--- Available records ---
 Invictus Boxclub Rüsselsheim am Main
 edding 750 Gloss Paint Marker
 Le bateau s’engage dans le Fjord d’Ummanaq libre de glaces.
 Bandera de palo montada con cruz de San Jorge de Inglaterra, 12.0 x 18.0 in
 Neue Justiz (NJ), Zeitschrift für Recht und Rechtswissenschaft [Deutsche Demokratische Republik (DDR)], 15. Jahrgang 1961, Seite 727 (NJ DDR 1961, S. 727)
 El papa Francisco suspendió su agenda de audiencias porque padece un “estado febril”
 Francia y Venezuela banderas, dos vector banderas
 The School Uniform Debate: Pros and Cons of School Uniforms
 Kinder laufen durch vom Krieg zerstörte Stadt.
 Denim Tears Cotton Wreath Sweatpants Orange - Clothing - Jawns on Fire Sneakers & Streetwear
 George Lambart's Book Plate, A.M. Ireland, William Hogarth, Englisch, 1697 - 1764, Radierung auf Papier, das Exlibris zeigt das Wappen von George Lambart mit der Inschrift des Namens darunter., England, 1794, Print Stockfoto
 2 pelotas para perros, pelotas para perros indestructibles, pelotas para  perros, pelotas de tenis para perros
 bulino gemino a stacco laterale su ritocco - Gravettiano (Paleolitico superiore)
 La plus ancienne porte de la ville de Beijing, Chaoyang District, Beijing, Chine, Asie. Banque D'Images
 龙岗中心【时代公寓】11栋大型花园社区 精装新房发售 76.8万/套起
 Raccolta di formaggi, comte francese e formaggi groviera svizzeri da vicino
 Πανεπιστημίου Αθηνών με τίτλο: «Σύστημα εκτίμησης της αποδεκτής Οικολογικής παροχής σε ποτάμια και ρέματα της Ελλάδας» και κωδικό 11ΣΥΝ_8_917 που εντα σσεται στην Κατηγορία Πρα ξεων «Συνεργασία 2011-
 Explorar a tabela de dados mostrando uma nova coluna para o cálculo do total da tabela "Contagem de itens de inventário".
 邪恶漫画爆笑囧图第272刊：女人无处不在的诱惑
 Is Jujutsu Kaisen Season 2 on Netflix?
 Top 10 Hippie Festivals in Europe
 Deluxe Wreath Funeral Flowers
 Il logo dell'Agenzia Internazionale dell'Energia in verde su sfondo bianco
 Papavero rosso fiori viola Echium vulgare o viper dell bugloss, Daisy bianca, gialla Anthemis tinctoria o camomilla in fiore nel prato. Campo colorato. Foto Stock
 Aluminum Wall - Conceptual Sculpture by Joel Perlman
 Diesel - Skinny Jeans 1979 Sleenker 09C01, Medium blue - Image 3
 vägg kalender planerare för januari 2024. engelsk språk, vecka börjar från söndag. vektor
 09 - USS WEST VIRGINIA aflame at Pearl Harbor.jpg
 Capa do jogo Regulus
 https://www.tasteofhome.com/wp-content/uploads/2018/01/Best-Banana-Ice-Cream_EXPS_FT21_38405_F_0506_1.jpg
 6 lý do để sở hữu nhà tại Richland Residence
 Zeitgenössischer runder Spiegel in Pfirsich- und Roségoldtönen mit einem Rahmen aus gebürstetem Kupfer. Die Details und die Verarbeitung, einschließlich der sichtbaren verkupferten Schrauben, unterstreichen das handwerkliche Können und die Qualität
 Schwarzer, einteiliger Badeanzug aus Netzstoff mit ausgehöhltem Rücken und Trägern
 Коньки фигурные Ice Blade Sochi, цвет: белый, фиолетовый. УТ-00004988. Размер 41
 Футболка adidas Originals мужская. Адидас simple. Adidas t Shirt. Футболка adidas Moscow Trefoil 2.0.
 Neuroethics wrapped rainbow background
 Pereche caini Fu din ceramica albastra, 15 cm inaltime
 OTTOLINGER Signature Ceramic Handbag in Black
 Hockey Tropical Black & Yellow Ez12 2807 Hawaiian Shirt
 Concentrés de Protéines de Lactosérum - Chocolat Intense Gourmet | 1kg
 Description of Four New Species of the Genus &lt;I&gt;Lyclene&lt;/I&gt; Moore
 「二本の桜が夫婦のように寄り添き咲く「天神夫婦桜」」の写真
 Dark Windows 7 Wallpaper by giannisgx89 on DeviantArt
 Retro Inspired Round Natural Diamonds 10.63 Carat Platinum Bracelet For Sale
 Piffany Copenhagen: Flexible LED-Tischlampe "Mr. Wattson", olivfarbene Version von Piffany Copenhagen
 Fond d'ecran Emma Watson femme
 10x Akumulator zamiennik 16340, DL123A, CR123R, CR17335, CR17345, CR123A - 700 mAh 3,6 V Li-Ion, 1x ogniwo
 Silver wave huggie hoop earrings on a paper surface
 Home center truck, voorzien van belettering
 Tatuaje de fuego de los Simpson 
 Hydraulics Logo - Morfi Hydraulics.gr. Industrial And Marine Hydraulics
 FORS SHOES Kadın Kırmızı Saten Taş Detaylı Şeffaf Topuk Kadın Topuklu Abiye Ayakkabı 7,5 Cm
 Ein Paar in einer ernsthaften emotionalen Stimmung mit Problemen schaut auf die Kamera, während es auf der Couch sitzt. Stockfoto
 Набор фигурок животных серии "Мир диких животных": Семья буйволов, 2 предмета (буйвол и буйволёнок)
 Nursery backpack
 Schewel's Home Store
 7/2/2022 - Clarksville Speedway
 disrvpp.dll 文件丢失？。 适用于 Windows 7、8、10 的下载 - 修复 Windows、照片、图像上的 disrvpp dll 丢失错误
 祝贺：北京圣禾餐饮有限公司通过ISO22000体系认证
---
Reproduce the data shown above in its entirety, keeping each word as it is.

Answer to the problem
 Invictus Boxclub Rüsselsheim am Main
 edding 750 Gloss Paint Marker
 Le bateau s’engage dans le Fjord d’Ummanaq libre de glaces.
 Bandera de palo montada con cruz de San Jorge de Inglaterra, 12.0 x 18.0 in
 Neue Justiz (NJ), Zeitschrift für Recht und Rechtswissenschaft [Deutsche Demokratische Republik (DDR)], 15. Jahrgang 1961, Seite 727 (NJ DDR 1961, S. 727)
 El papa Francisco suspendió su agenda de audiencias porque padece un “estado febril”
 Francia y Venezuela banderas, dos vector banderas
 The School Uniform Debate: Pros and Cons of School Uniforms
 Kinder laufen durch vom Krieg zerstörte Stadt.
 Denim Tears Cotton Wreath Sweatpants Orange - Clothing - Jawns on Fire Sneakers & Streetwear
 George Lambart's Book Plate, A.M. Ireland, William Hogarth, Englisch, 1697 - 1764, Radierung auf Papier, das Exlibris zeigt das Wappen von George Lambart mit der Inschrift des Namens darunter., England, 1794, Print Stockfoto
 2 pelotas para perros, pelotas para perros indestructibles, pelotas para  perros, pelotas de tenis para perros
 bulino gemino a stacco laterale su ritocco - Gravettiano (Paleolitico superiore)
 La plus ancienne porte de la ville de Beijing, Chaoyang District, Beijing, Chine, Asie. Banque D'Images
 龙岗中心【时代公寓】11栋大型花园社区 精装新房发售 76.8万/套起
 Raccolta di formaggi, comte francese e formaggi groviera svizzeri da vicino
 Πανεπιστημίου Αθηνών με τίτλο: «Σύστημα εκτίμησης της αποδεκτής Οικολογικής παροχής σε ποτάμια και ρέματα της Ελλάδας» και κωδικό 11ΣΥΝ_8_917 που εντα σσεται στην Κατηγορία Πρα ξεων «Συνεργασία 2011-
 Explorar a tabela de dados mostrando uma nova coluna para o cálculo do total da tabela "Contagem de itens de inventário".
 邪恶漫画爆笑囧图第272刊：女人无处不在的诱惑
 Is Jujutsu Kaisen Season 2 on Netflix?
 Top 10 Hippie Festivals in Europe
 Deluxe Wreath Funeral Flowers
 Il logo dell'Agenzia Internazionale dell'Energia in verde su sfondo bianco
 Papavero rosso fiori viola Echium vulgare o viper dell bugloss, Daisy bianca, gialla Anthemis tinctoria o camomilla in fiore nel prato. Campo colorato. Foto Stock
 Aluminum Wall - Conceptual Sculpture by Joel Perlman
 Diesel - Skinny Jeans 1979 Sleenker 09C01, Medium blue - Image 3
 vägg kalender planerare för januari 2024. engelsk språk, vecka börjar från söndag. vektor
 09 - USS WEST VIRGINIA aflame at Pearl Harbor.jpg
 Capa do jogo Regulus
 https://www.tasteofhome.com/wp-content/uploads/2018/01/Best-Banana-Ice-Cream_EXPS_FT21_38405_F_0506_1.jpg
 6 lý do để sở hữu nhà tại Richland Residence
 Zeitgenössischer runder Spiegel in Pfirsich- und Roségoldtönen mit einem Rahmen aus gebürstetem Kupfer. Die Details und die Verarbeitung, einschließlich der sichtbaren verkupferten Schrauben, unterstreichen das handwerkliche Können und die Qualität
 Schwarzer, einteiliger Badeanzug aus Netzstoff mit ausgehöhltem Rücken und Trägern
 Коньки фигурные Ice Blade Sochi, цвет: белый, фиолетовый. УТ-00004988. Размер 41
 Футболка adidas Originals мужская. Адидас simple. Adidas t Shirt. Футболка adidas Moscow Trefoil 2.0.
 Neuroethics wrapped rainbow background
 Pereche caini Fu din ceramica albastra, 15 cm inaltime
 OTTOLINGER Signature Ceramic Handbag in Black
 Hockey Tropical Black & Yellow Ez12 2807 Hawaiian Shirt
 Concentrés de Protéines de Lactosérum - Chocolat Intense Gourmet | 1kg
 Description of Four New Species of the Genus &lt;I&gt;Lyclene&lt;/I&gt; Moore
 「二本の桜が夫婦のように寄り添き咲く「天神夫婦桜」」の写真
 Dark Windows 7 Wallpaper by giannisgx89 on DeviantArt
 Retro Inspired Round Natural Diamonds 10.63 Carat Platinum Bracelet For Sale
 Piffany Copenhagen: Flexible LED-Tischlampe "Mr. Wattson", olivfarbene Version von Piffany Copenhagen
 Fond d'ecran Emma Watson femme
 10x Akumulator zamiennik 16340, DL123A, CR123R, CR17335, CR17345, CR123A - 700 mAh 3,6 V Li-Ion, 1x ogniwo
 Silver wave huggie hoop earrings on a paper surface
 Home center truck, voorzien van belettering
 Tatuaje de fuego de los Simpson 
 Hydraulics Logo - Morfi Hydraulics.gr. Industrial And Marine Hydraulics
 FORS SHOES Kadın Kırmızı Saten Taş Detaylı Şeffaf Topuk Kadın Topuklu Abiye Ayakkabı 7,5 Cm
 Ein Paar in einer ernsthaften emotionalen Stimmung mit Problemen schaut auf die Kamera, während es auf der Couch sitzt. Stockfoto
 Набор фигурок животных серии "Мир диких животных": Семья буйволов, 2 предмета (буйвол и буйволёнок)
 Nursery backpack
 Schewel's Home Store
 7/2/2022 - Clarksville Speedway
 disrvpp.dll 文件丢失？。 适用于 Windows 7、8、10 的下载 - 修复 Windows、照片、图像上的 disrvpp dll 丢失错误
 祝贺：北京圣禾餐饮有限公司通过ISO22000体系认证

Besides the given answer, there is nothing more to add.